Bandung (tutur.co.id) – Lembaga Survei Indonesia (LSI) baru merilis hasil hasil survei terkait kinerja pemerintahan Jawa Barat di bawah komando Gubernur Dedi Mulyadi. Yang menarik, saat tingkat kepuasan terhadap kinerja sang gubernur sangat tinggi hal yang kontras terjadi saat menyinggung kepuasan publik dari sisi ekonomi.
Ya, dalam survei yang dilakukan LSI dari tanggal 2 hingga 9 Juli 2026 dengan melibatkan 800 responden itu didapat hasil yang memang kontras jika dibandingkan dengan hasil survei terkait kinerja sang gubernur secara umum. Mayoritas masyarakat memandang ekonomi di Jawa Barat masih biasa-biasa saja atau belum dianggap baik.

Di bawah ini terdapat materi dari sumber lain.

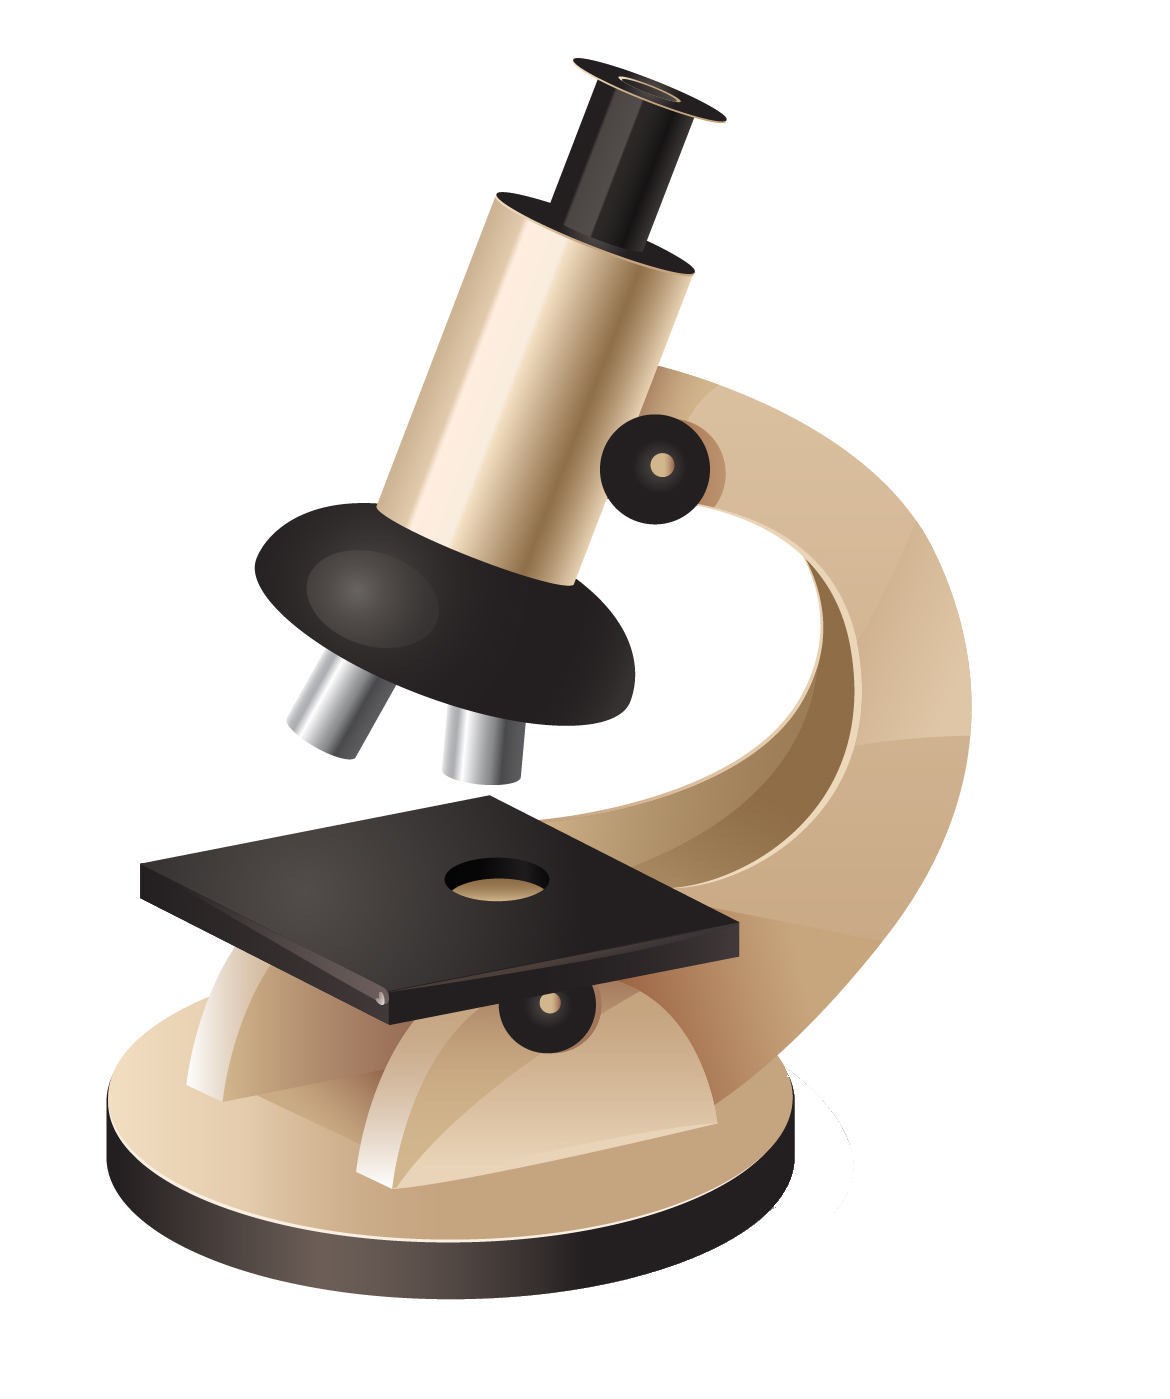 microscope clipart practical

Baca juga: Ingin Tahu Evaluasi Publik terhadap Kinerja Dedi Mulyadi? Baca Ini
Data dari survei LSI menunjukkan bahwa sebanyak 27 persen responden menganggap ekonomi di Jawa Barat baik (sangat baik). Sedangkan yang menganggap perekonomian Jawa Barat buruk tampak lebih besar dengan prosentase 28,3 persen (sangat buruk 3,1 persen). Sedangkan yang menganggap biasa-biasa saja mencapai 44,3 persen.
“Mayoritas masyarakat diberbagai kelompok demografi menilai kondisi ekonomi Jawa Barat masih berada pada tingkat sedang, sementara persepsi negatif lebih banyak ditemukan pada kelompok berpendapatan rendah,” tulis keterangan resmi dari LSI, Kamis 23 Juli 2026.
Potret yang berbeda antara kepercayaan publik terhadap kinerja Dedi Mulyadi dengan gambaran kondisi ekonomi Jawa Barat yang kontras ini tentu sangat menarik. Dan selama ini, Dedi Mulyadi memang dikenal sebagai salah satu sosok yang cukup pintar mendongkrak popularitas termasuk dengan konten-kontennya di media sosial.